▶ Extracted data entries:
+++

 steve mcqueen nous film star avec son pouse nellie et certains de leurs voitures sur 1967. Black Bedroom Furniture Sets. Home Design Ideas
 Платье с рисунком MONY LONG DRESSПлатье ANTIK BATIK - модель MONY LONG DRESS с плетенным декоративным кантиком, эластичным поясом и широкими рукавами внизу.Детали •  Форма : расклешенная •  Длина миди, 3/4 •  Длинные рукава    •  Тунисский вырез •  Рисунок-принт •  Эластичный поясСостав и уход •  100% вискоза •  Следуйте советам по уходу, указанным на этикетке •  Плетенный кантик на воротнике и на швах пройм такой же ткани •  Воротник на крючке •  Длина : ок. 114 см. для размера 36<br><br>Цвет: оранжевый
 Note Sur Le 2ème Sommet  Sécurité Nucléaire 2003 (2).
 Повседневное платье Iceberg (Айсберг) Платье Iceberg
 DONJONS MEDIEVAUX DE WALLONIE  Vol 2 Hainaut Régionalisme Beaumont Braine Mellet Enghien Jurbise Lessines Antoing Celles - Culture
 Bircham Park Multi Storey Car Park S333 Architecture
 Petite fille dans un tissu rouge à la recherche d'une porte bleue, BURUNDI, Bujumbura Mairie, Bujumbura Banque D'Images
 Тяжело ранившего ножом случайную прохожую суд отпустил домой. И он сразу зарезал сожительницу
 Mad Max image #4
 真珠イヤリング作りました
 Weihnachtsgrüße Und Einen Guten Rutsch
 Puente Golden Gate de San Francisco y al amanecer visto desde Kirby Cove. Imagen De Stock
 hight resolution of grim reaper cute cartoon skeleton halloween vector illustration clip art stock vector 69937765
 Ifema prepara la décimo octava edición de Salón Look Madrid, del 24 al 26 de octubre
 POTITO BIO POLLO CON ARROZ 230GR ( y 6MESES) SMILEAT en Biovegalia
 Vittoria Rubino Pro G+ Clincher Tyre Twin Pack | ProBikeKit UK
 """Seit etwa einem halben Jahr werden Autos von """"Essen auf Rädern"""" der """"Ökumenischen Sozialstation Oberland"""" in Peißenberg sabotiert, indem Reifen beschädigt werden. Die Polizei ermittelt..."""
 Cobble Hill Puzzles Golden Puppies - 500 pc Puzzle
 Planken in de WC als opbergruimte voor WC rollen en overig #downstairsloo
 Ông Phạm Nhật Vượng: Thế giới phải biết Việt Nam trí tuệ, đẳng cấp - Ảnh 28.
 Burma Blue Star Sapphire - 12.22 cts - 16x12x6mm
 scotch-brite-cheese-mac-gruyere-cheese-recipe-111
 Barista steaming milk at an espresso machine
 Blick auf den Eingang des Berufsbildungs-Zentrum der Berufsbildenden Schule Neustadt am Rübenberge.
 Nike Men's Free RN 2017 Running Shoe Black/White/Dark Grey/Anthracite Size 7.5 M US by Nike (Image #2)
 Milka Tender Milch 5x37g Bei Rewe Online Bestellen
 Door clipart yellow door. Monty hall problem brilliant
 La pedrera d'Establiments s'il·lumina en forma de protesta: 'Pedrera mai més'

+++

▶ Task to carry out: All lines above from the one holding "Тяжело ранившего ножом" to the one holding "Vittoria Rubino Pro", inclusive, are to be copied exactly; no other line is wanted.

▶ Your response:
 Тяжело ранившего ножом случайную прохожую суд отпустил домой. И он сразу зарезал сожительницу
 Mad Max image #4
 真珠イヤリング作りました
 Weihnachtsgrüße Und Einen Guten Rutsch
 Puente Golden Gate de San Francisco y al amanecer visto desde Kirby Cove. Imagen De Stock
 hight resolution of grim reaper cute cartoon skeleton halloween vector illustration clip art stock vector 69937765
 Ifema prepara la décimo octava edición de Salón Look Madrid, del 24 al 26 de octubre
 POTITO BIO POLLO CON ARROZ 230GR ( y 6MESES) SMILEAT en Biovegalia
 Vittoria Rubino Pro G+ Clincher Tyre Twin Pack | ProBikeKit UK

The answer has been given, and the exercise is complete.